Release-candidate qualification requires:

  • Python 3.11–3.13 core CI on Ubuntu, Windows and macOS;
  • package build;
  • documentation build;
  • canonical examples;
  • scikit-fda qualification;
  • FDApy sparse qualification on Python 3.11–3.12;
  • performance-envelope qualification;
  • release-readiness build/twine/wheel/sdist/install qualification.

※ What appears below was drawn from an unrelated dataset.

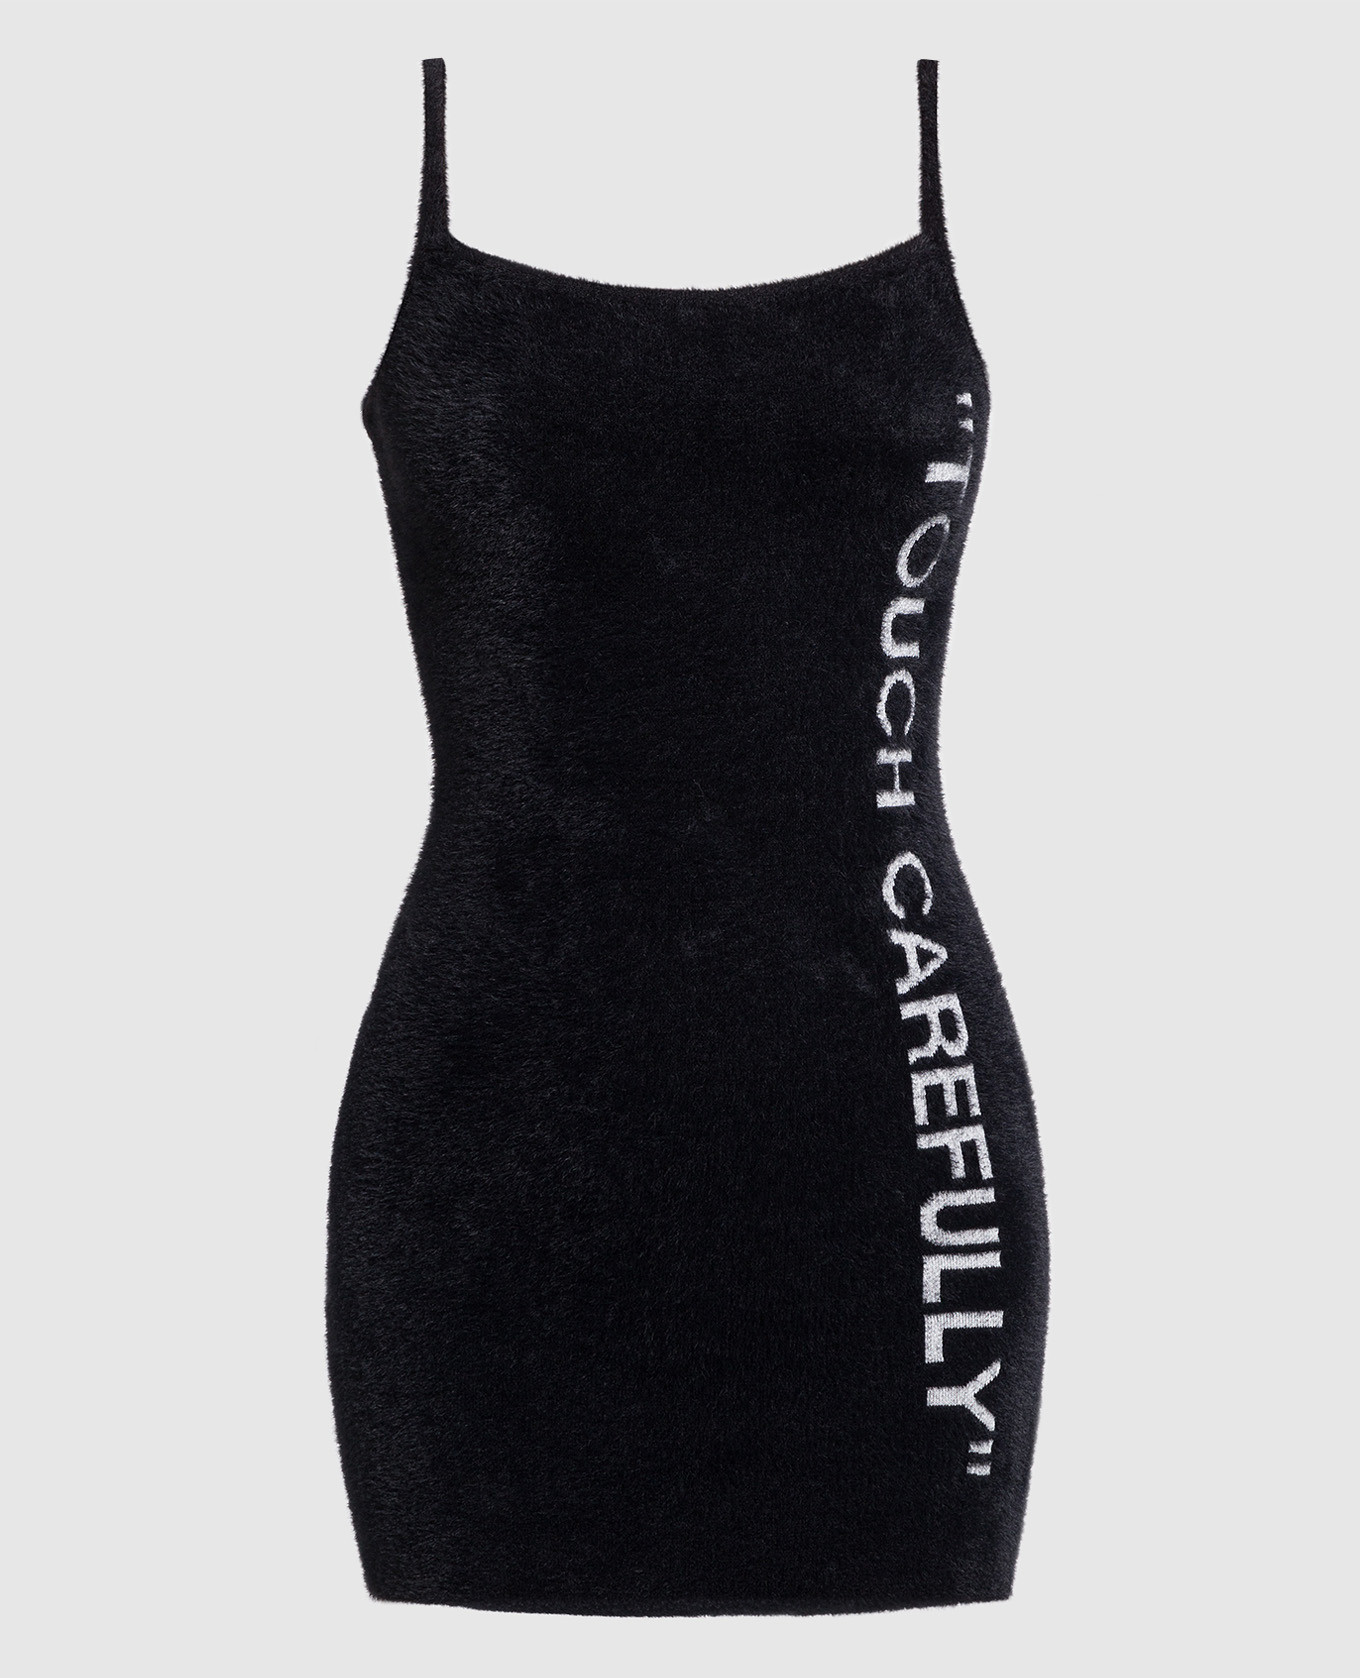 Black mini dress with contrasting inscription Touch carefully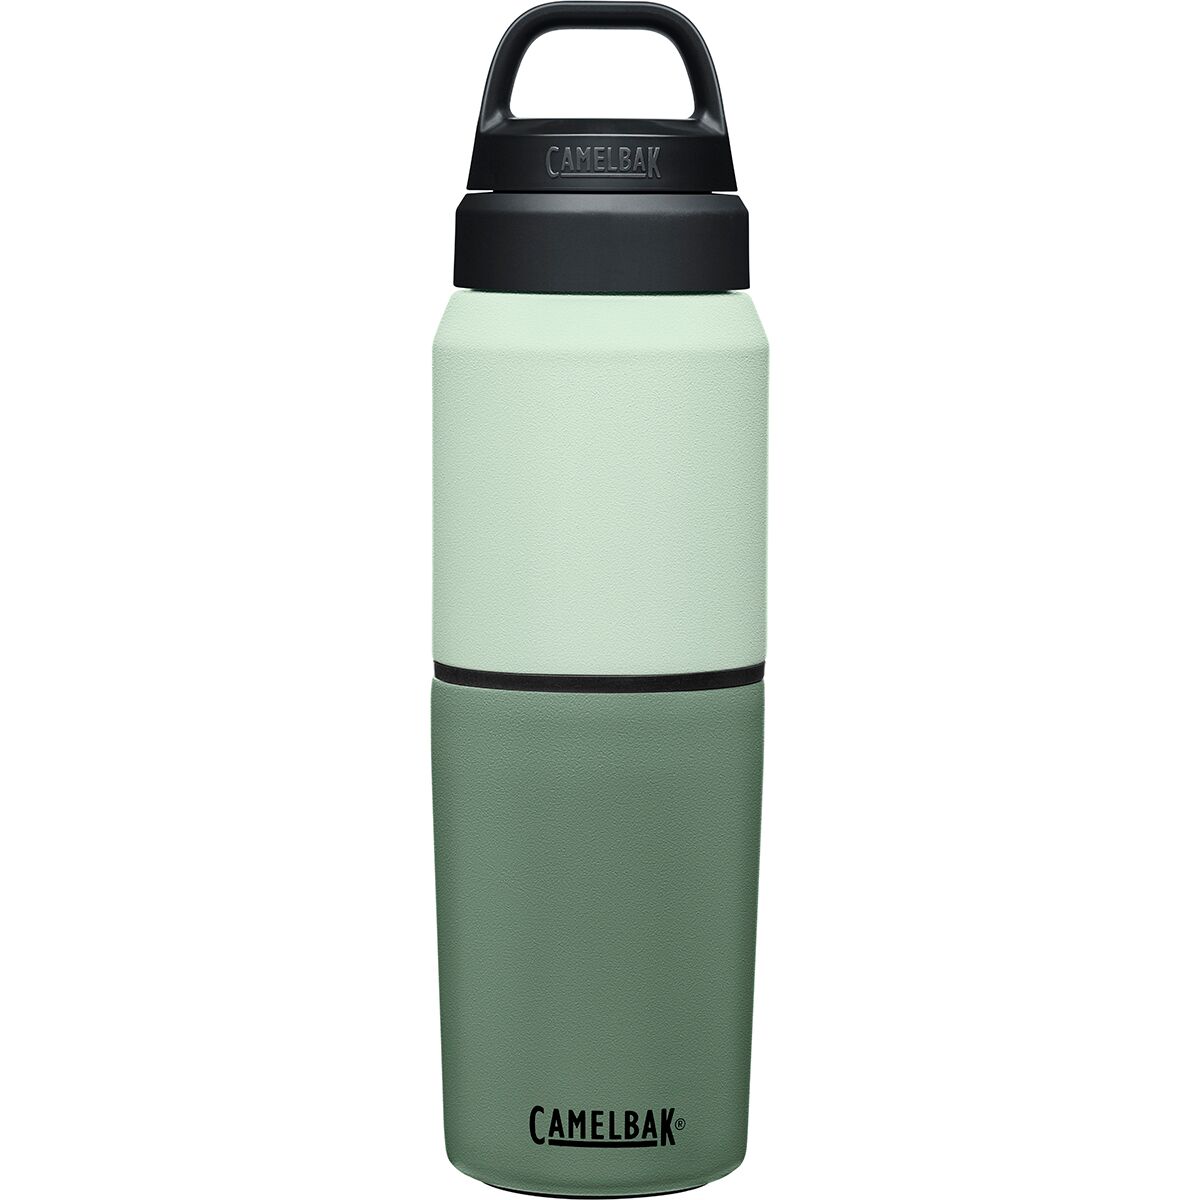 Photos - Thermos CamelBak MultiBev Stainless Steel Vacuum Insulated 17oz/12oz Cup

The configured coverage floor remains 90%; independent scientific reference validation is treated as more important than increasing line coverage for its own sake.

Reproducibility

Portable scientific-result snapshots retain scientific arrays, identifiers, specifications, units, diagnostics and provenance while explicitly marking backend-native objects as nonportable. Environment capture records package, Python, dependency/backend and platform metadata plus Git commit when available.

Installation

Because this is a prerelease:

pip install --pre eyetrajectoriespy==0.9.0rc1

Release-candidate expectations

The 0.9.x release-candidate phase is for defect correction, installation feedback, documentation clarity and reproducibility verification. It is not a signal to resume broad estimator expansion before 1.0 readiness is assessed.